Bruno CarvalhoVIEW PROFILE →
O sonho do 'Pix global': como fintechs brasileiras querem exportar a revolução dos pagamentos com stablecoins
Depois de conquistar o Brasil com o Pix, empresas como a NoxPay e a LiberPay miram um objetivo ainda mais ambicioso: usar as stablecoins para criar uma infraestrutura de pagamentos instantâneos que funcione entre países, um verdadeiro 'Pix global'.
O Pix transformou de forma radical a maneira como o brasileiro lida com o dinheiro, tornando as transferências instantâneas e gratuitas parte do cotidiano. Agora, um grupo de fintechs nacionais quer levar essa mesma lógica para o mundo inteiro, e o Brasil quer estar no centro dessa transformação, apostando em uma tecnologia surpreendente.
A ambição do 'Pix global'
No coração dessa nova corrida está a ideia de replicar o sucesso do Pix em escala internacional. A fintech brasileira NoxPay, por exemplo, tem um objetivo declarado e audacioso: transformar as stablecoins naquilo que ela mesma chama de um verdadeiro 'Pix global', capaz de cruzar fronteiras sem os entraves atuais.
A proposta é que essas moedas digitais se tornem a moeda de trabalho para negócios que operam em vários países, permitindo que empresas vendam, contratem e paguem seus fornecedores no exterior com a mesma facilidade de uma transferência local. É uma tentativa de eliminar a burocracia e os altos custos dos pagamentos internacionais tradicionais.

A tecnologia por trás da ideia
Para tornar essa visão realidade, as empresas apostam em soluções práticas e acessíveis. A LiberPay, fundada em 2025, desenvolveu uma plataforma que permite realizar pagamentos por meio de QR Code e links, oferecendo suporte a stablecoins amplamente conhecidas, como o USDC e o USDT, atreladas ao dólar americano.
O uso do QR Code, ferramenta já tão familiar aos brasileiros graças ao próprio Pix, é estratégico. Ele reduz a barreira de entrada e torna a experiência de pagar com criptomoedas quase idêntica à de qualquer transação digital cotidiana, aproximando uma tecnologia complexa do usuário comum e das pequenas empresas.
Um terreno fértil chamado Brasil
Não é por acaso que essas inovações florescem justamente em solo brasileiro, pois o país oferece um ambiente excepcionalmente favorável.
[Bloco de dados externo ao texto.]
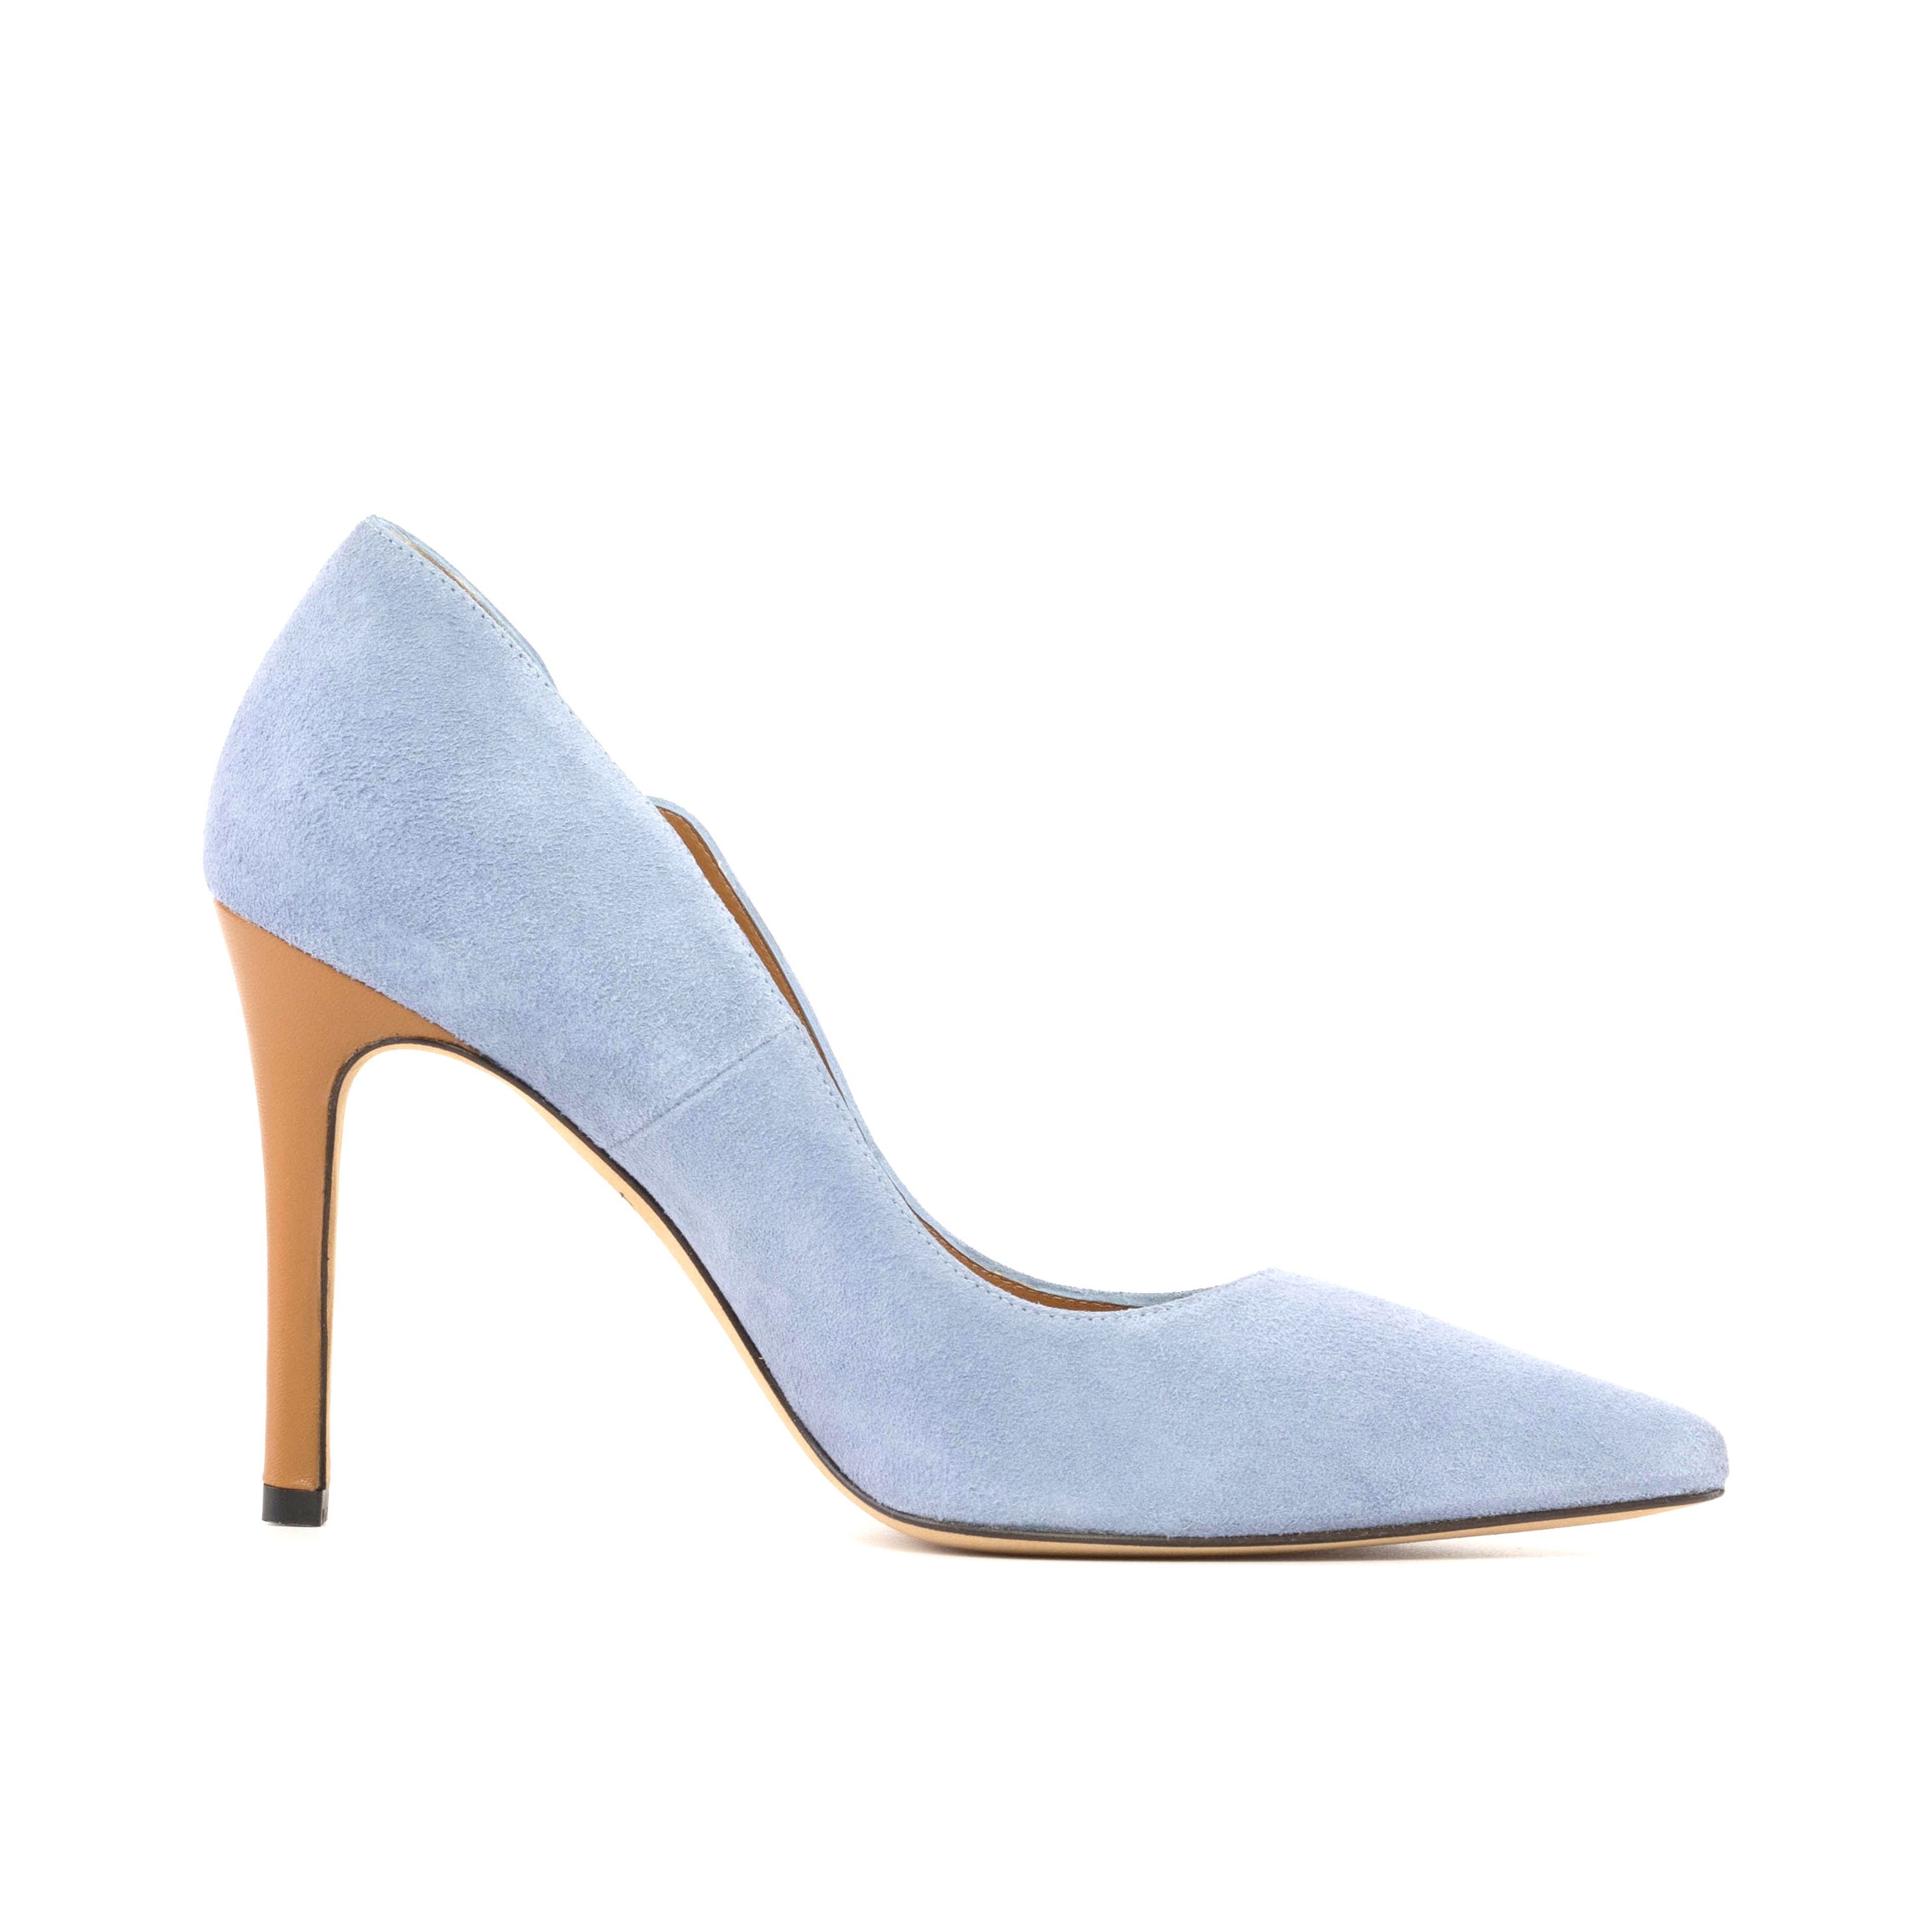 Anna Field Classic heels - light blue - Zalando.co.uk

Segundo o Banco Central, mais de 170 milhões de brasileiros já utilizaram o Pix, que movimentou mais de 7 bilhões de transações apenas no mês de maio de 2026, um número que revela uma população já habituada ao digital.
Além dessa familiaridade com pagamentos instantâneos, os brasileiros demonstram um apetite enorme por moedas digitais estáveis. As stablecoins já representam cerca de 80 por cento de todo o volume declarado de criptoativos no Brasil, com aproximadamente 1,13 trilhão de reais em operações registradas entre agosto de 2019 e dezembro de 2025.
O debate ganha o palco
Toda essa efervescência tem um ponto de encontro importante no calendário do setor. O evento Blockchain.RIO 2026, realizado nos dias 12 e 13 de agosto no ExpoRio, no Rio de Janeiro, reuniu discussões sobre regulação, tokenização, stablecoins e, claro, o futuro dos pagamentos globais, consolidando a cidade como um polo de inovação.
Foi justamente nesse ambiente que empresas como a LiberPay apresentaram suas infraestruturas para pagamentos com criptomoedas e stablecoins. Encontros como esse são cruciais para conectar empreendedores, investidores e reguladores, acelerando o amadurecimento de um mercado que ainda está desenhando suas próprias regras.
As regras do jogo
E é sobre essas regras que repousa boa parte do futuro dessas iniciativas, já que a solidez de um sistema financeiro depende da clareza regulatória. No Brasil, as Resoluções 519, 520 e 521 do Banco Central entraram em vigor em fevereiro de 2026, criando um regime de autorização específico para as chamadas prestadoras de serviços de ativos virtuais.
Esse arcabouço legal, ao trazer mais segurança e supervisão para o setor, tende a fortalecer justamente as empresas sérias que buscam construir soluções duradouras. Se a aposta das fintechs brasileiras der certo, o país pode não apenas ter revolucionado seus próprios pagamentos, mas também exportar para o mundo um novo modelo de mover dinheiro através das fronteiras.